» **ACTIVITY**: What is needed is an exact copy of the lines from the line holding "ASUS ROG (GT-AC2900)" through the end of the material, with no other lines and no pictures.

» **SUPPLIED DATA**:
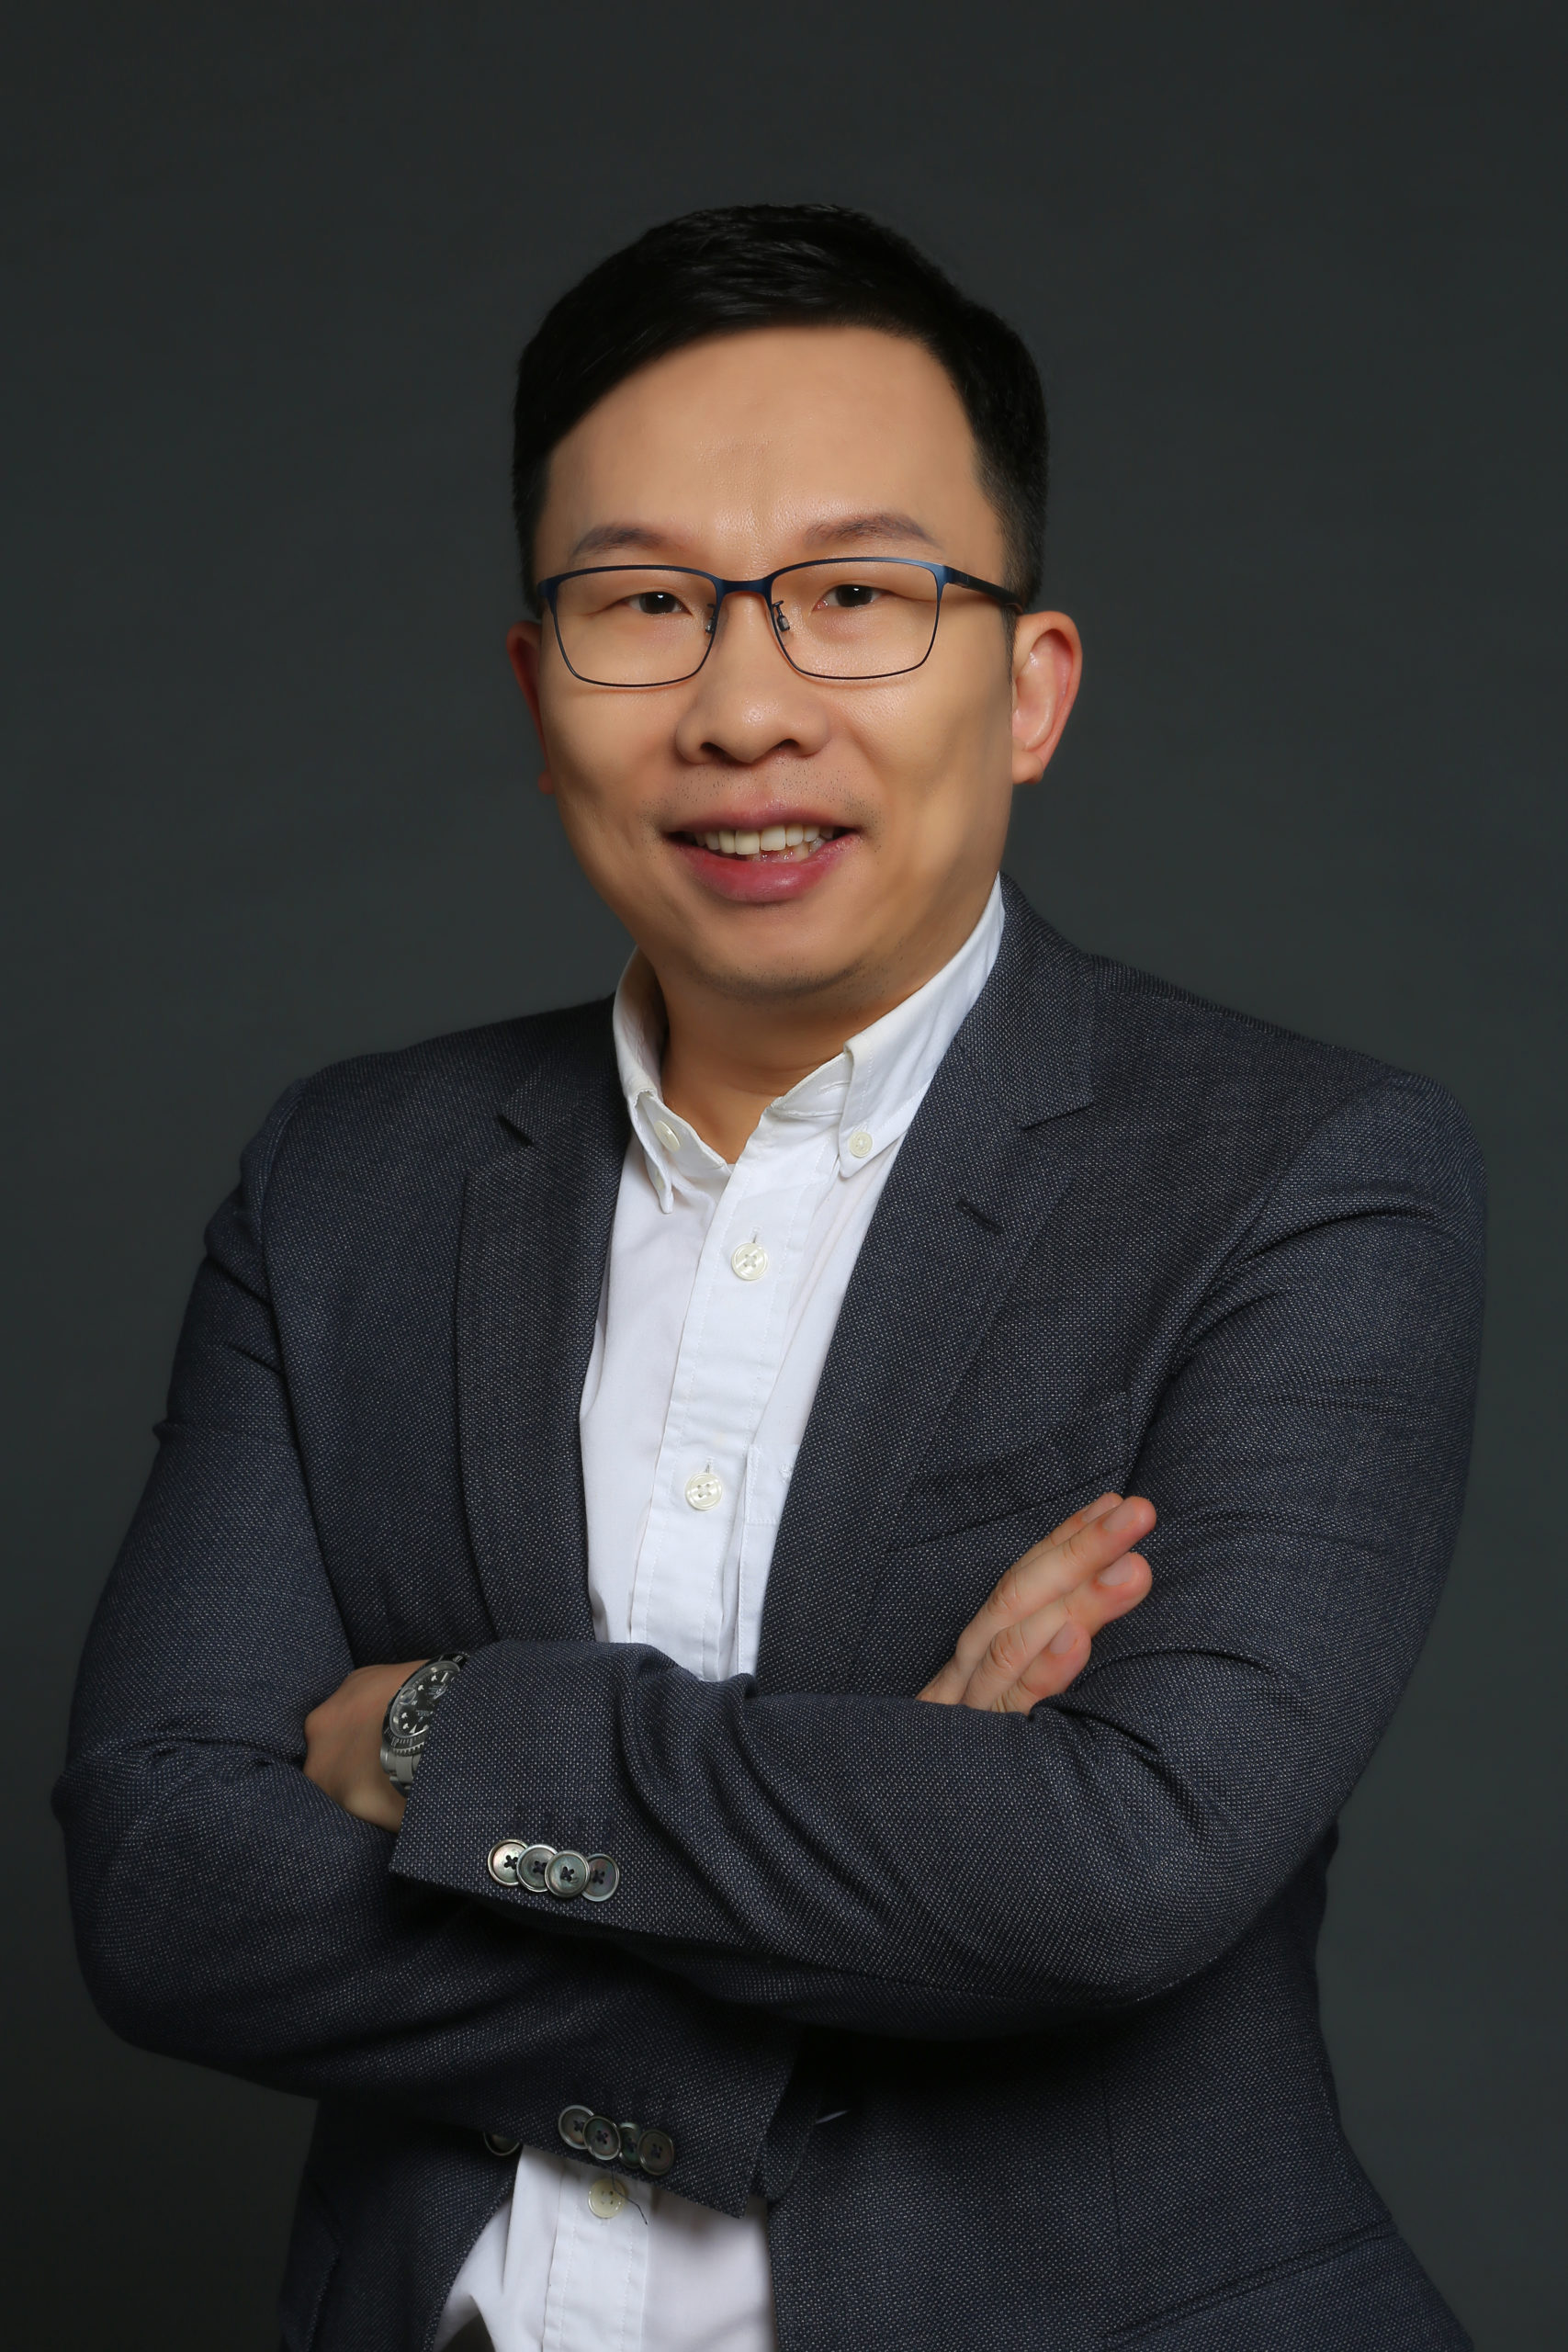 Head of JD Logistics AI and Data Science, Dr. He Tian
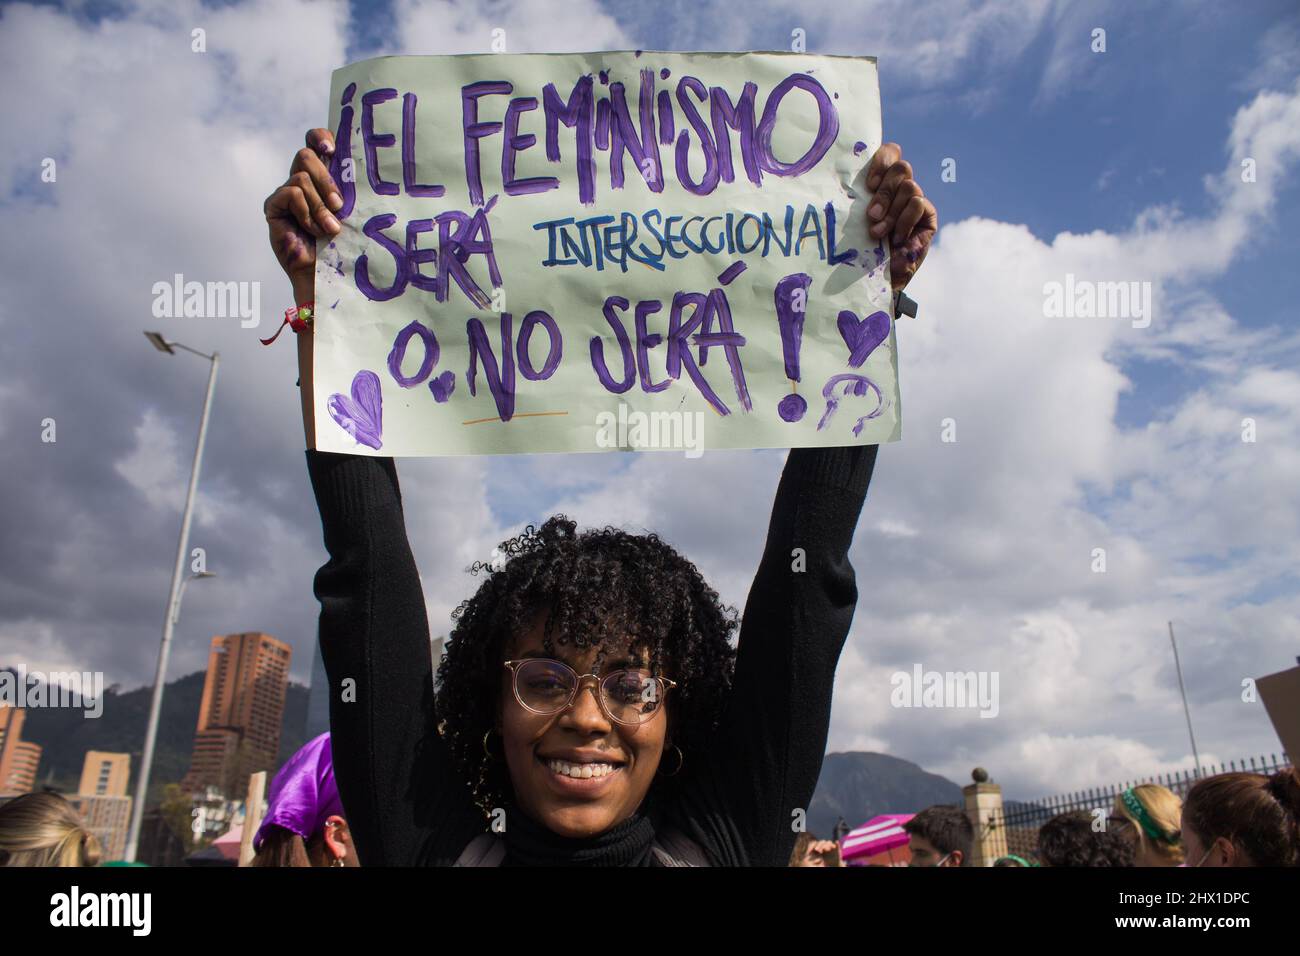 Bogota, Colombia on March 8, 2022. A demonstrator holds a pro-feminist sign as women participate in the international womes day demonstrations in Bogota, Colombia on March 8, 2022. Stock Photo
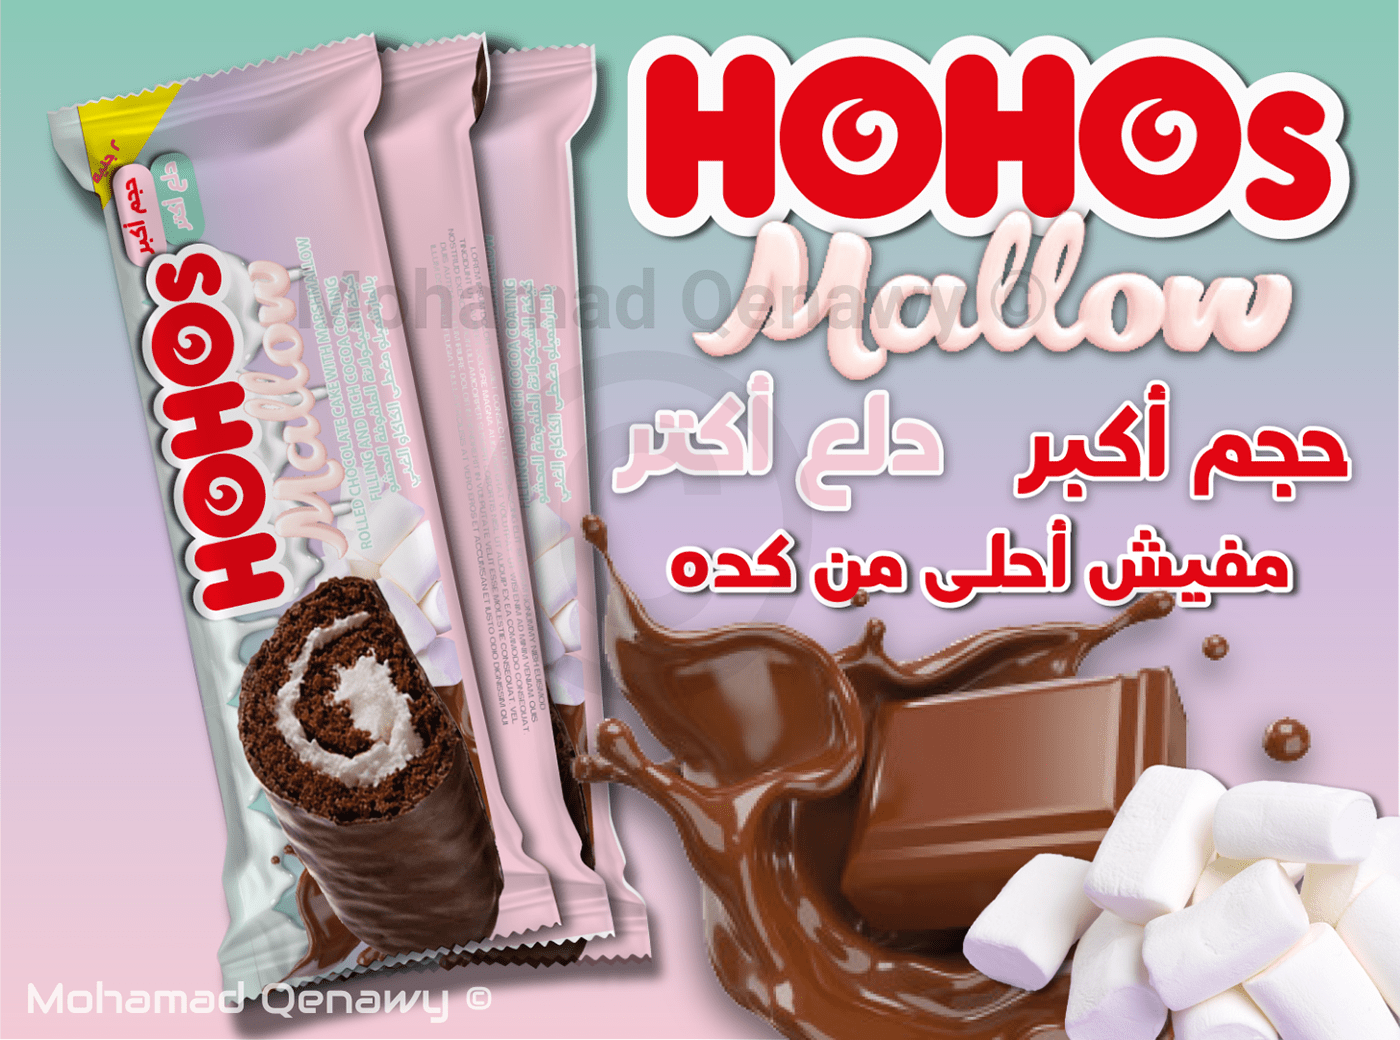 bestätigt big cake chocolate Cocoa cream design dripping Edita feminine Filled Food  HOHOS inspiration mallow marshmallow melted Packaging pink Roll rosy size softy swiss taste yummy
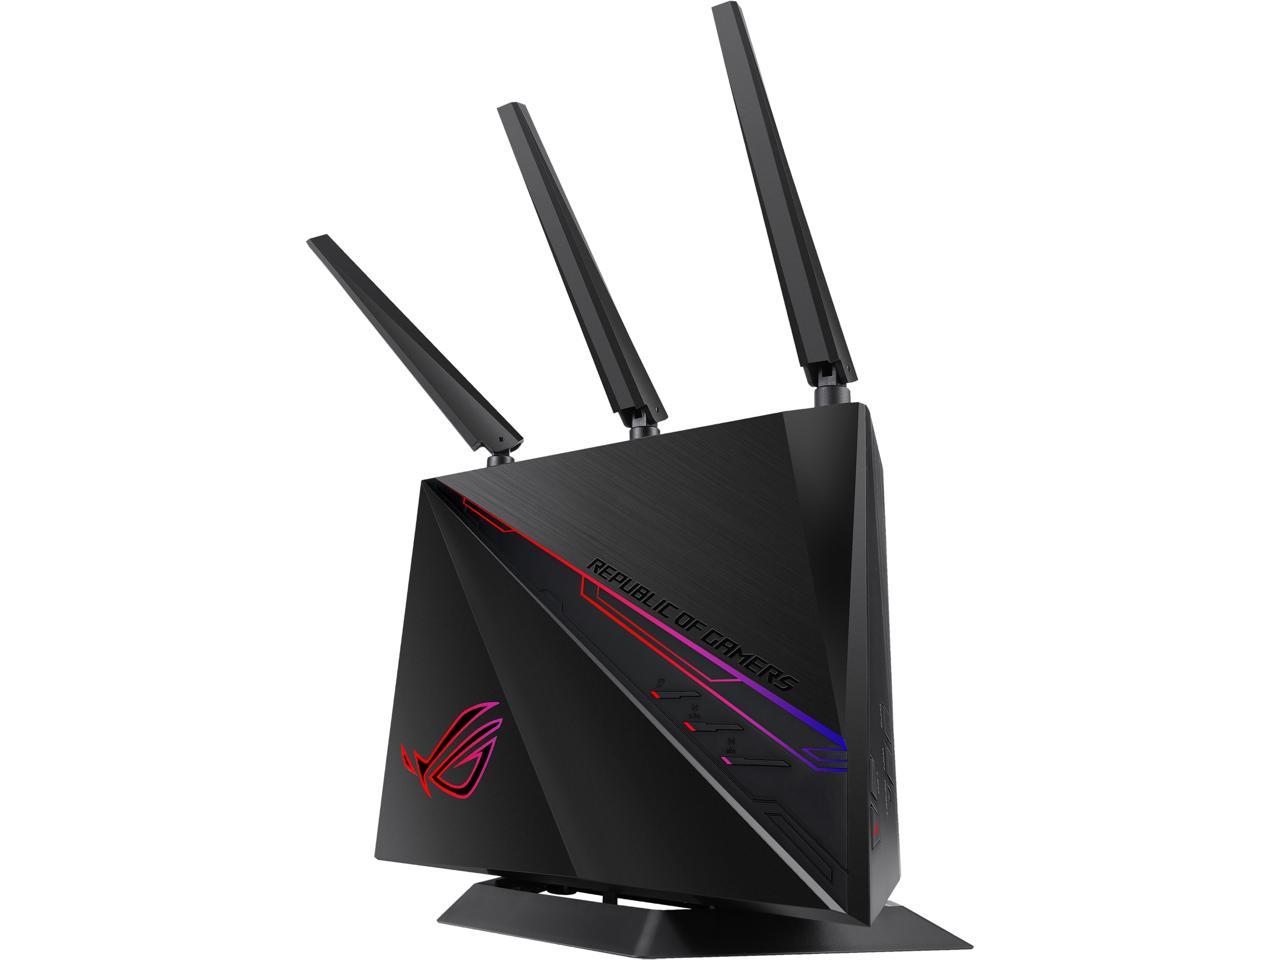 ASUS ROG (GT-AC2900) Dual-Band Wireless Gigabit Wi-Fi Gaming Router - GeForce NOW Optimization with Triple-Level Game Acceleration, 4 x LAN, 1 x USB 3.0, 1 x USB 2.0 Compatible with AiMesh
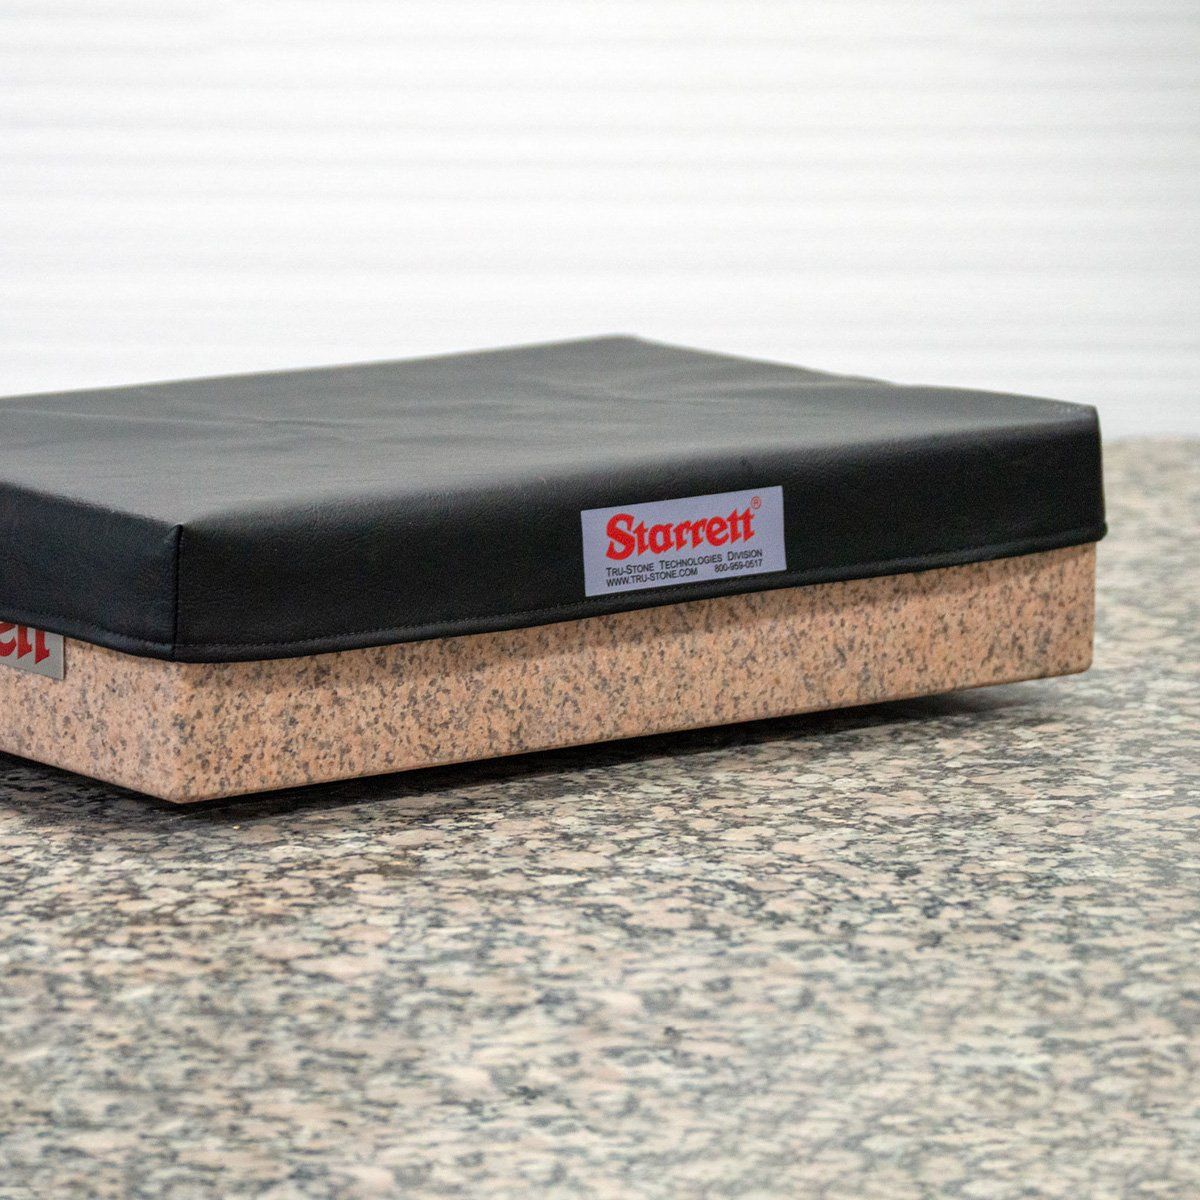 Black fabric surface plate cover with Starrett logo

» **OUTPUT OF THE TASK**:
 ASUS ROG (GT-AC2900) Dual-Band Wireless Gigabit Wi-Fi Gaming Router - GeForce NOW Optimization with Triple-Level Game Acceleration, 4 x LAN, 1 x USB 3.0, 1 x USB 2.0 Compatible with AiMesh
 Black fabric surface plate cover with Starrett logo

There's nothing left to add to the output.